Они тут же, на тротуаре, обнялись и трижды расцеловались.

– Эк обхватились, сердечные! – донесся до них веселый молодой голос – Ну, старички дают, эй, папаши, глядите не задавите друг друга!

Чубарев, оглянувшись на голос (розовощекое, юное насмешливое лицо, отдаляясь, смеялось), приветливо помахал вслед.

– Отойдем в сторонку, вон скверик, Лапа, – предложил он. – Смотри-ка ты, скамейка… Совсем как в прежние времена скамейка-то…

– Времена здесь ни при чем, – сказал Лапин. – Время – категория абсолютно абстрактная, а мы с тобой встретились конкретно, вещий Олег… Помнишь, а, вещий Олег?

– Помню, помню… «Скажи мне, кудесник, любимец богов, что сбудется в жизни со мною?» Было – и нет. – Чубарев шумно встряхнулся. – Подожди, Лапа, сколько с тех пор пролетело?

– Лет тридцать пять, не меньше… да, да… наш гимназический выпуск был в восьмом… Помнишь? А последний раз мы виделись в начале тридцатых, помнишь, у Орджоникидзе? Двух слов не успели друг другу сказать. – Теперь уже Лапин, крепко придерживая Чубарева за рукав, словно боясь потерять в толпе, быстро вел его в прозрачную зелень небольшого уютного скверика. – Потом, в войну уже, я от кого-то слышал, что ты на Урале…

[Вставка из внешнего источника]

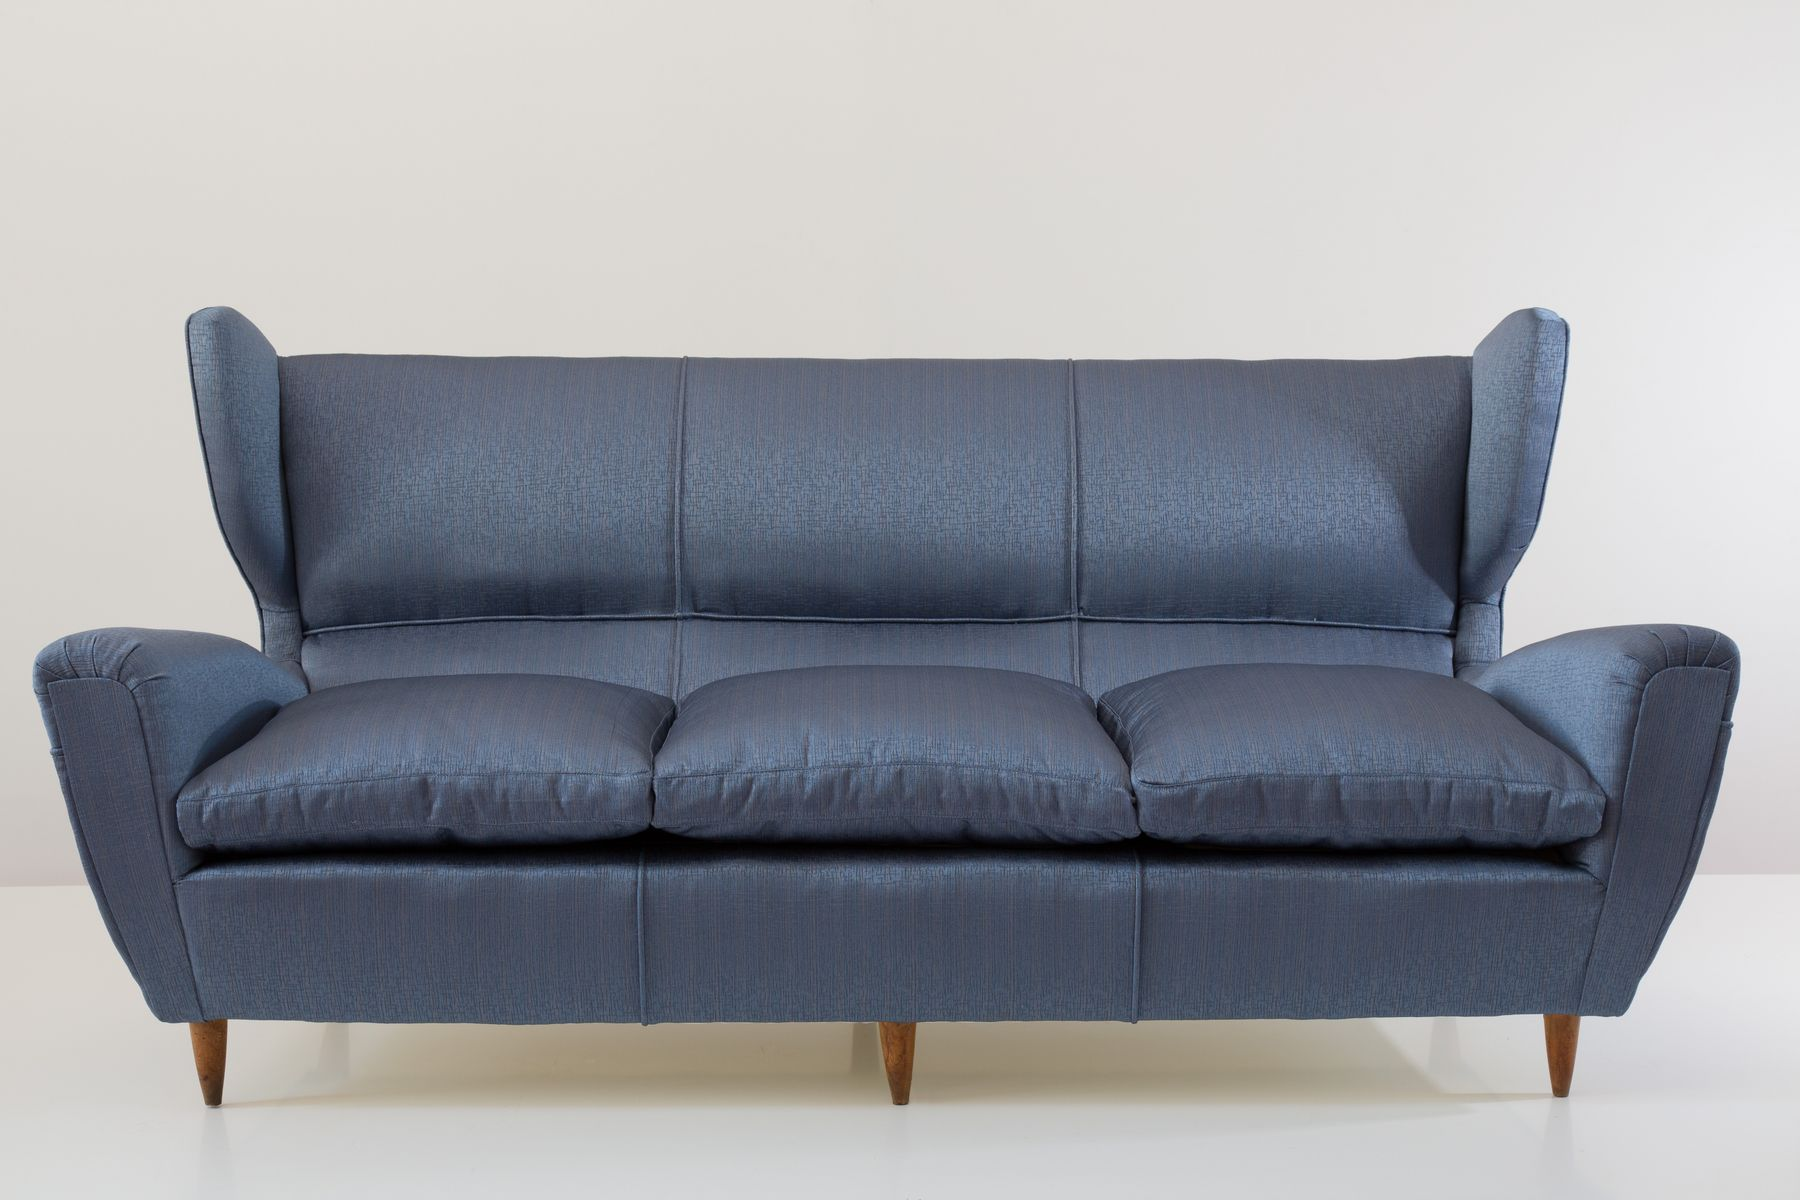 drei sitzer ohrensessel sofa von paolo buffa bei pamono kaufen. Black Bedroom Furniture Sets. Home Design Ideas
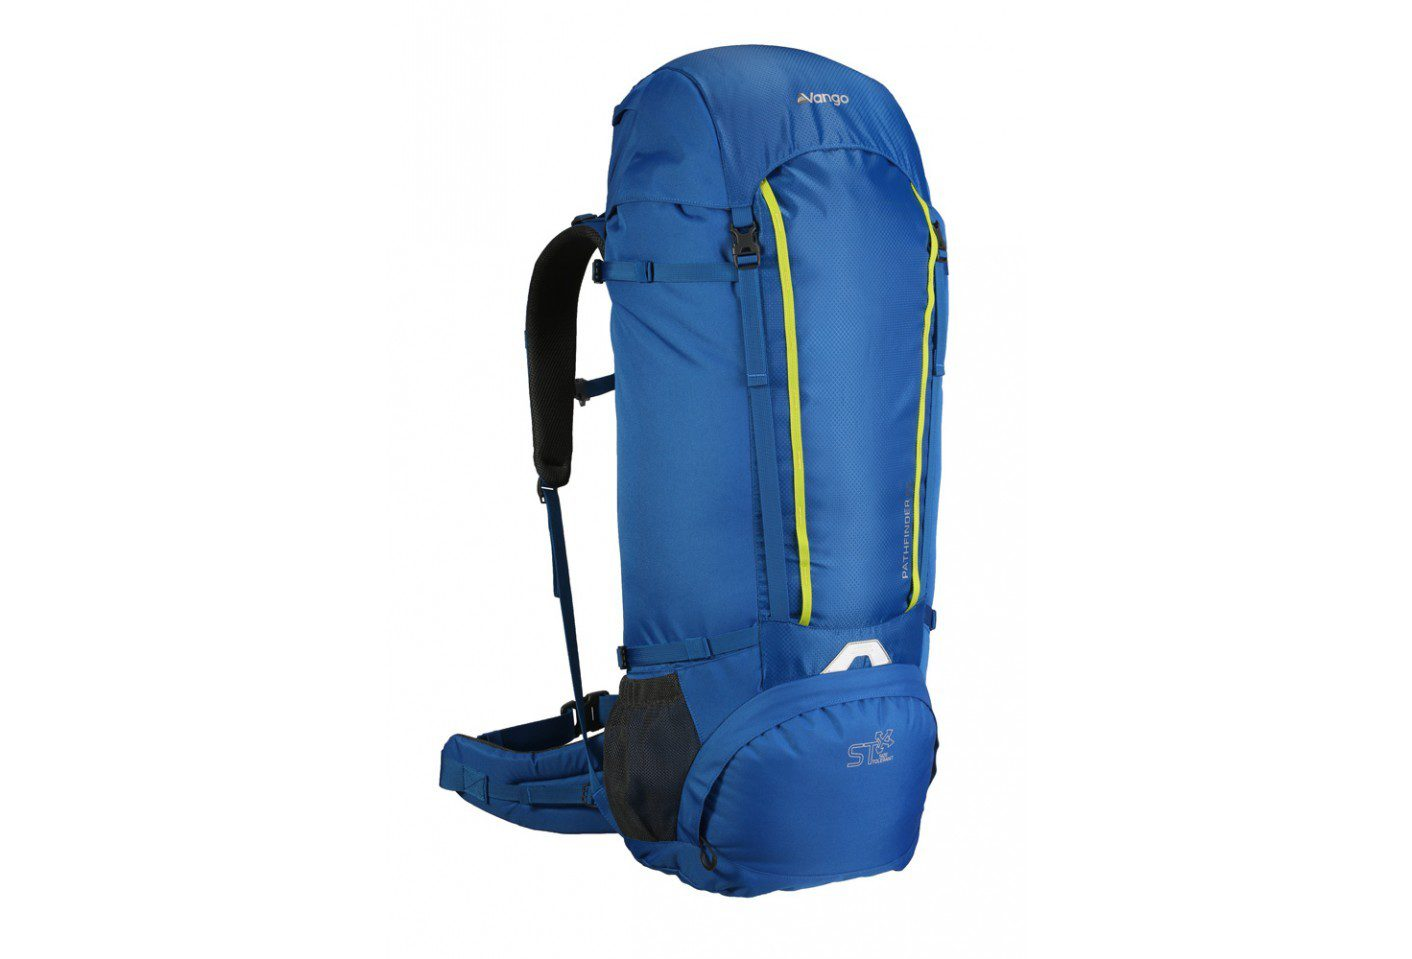 Vango Pathfinder 65 rucksack - Cobalt blue

– Я о тебе вообще ничего не слышал, – не остался в долгу Чубарев; время, всего четверть часа назад регламентировавшее минута в минуту его жизнь и даже короткий сон, остановилось; он внезапно почувствовал себя от всего свободным и даже словно помолодел наполовину от нежданной встречи с Ростей Лапиным – с Ростиславом Сергеевичем Лапиным; они сидели с ним лет сорок назад за одной партой и, как это нередко бывает, влюбились в одну гимназистку…

– Ничего удивительного, Олег, меня в войну наглухо засекретили, до сих пор пломбы во всех местах трут. Вот так с нашим братом.

Они устроились на низенькой чугунной скамейке, старый, развесистый тополь с сильно разросшейся верхушкой свежо и молодо шумел прозрачной, еще не вполне развившейся листвой.

И Лапин, и Чубарев как-то одновременно подумали о том, что вот они оба до этого часа не помнили о существовании друг друга и, по воле слепого случая встретившись, обрадовались, удивились: как это они могли жить раньше и ничего не знать друг о друге? Куда-то отхлынули все дела и заботы, осталось лишь чувство удивления и легкой грусти; оба подумали о том, как они постарели и как быстро летит время.

– Слушай, что же мы сидим? – вскочил Чубарев. – Бездомные, что ли? Едем ко мне в номер, шикарный, люкс, посидим… У меня водка есть, коньяк, все, что душе угодно…

– На зависть живешь, – остановил его Лапин и рассмеялся. – Смотри-ка, сам себе хозяин… Что ж ты думаешь, я здесь ради собственного удовольствия гулял? Я от шофера удрал, я тут неподалеку в главк шел… утрясти надо кое-какие дела.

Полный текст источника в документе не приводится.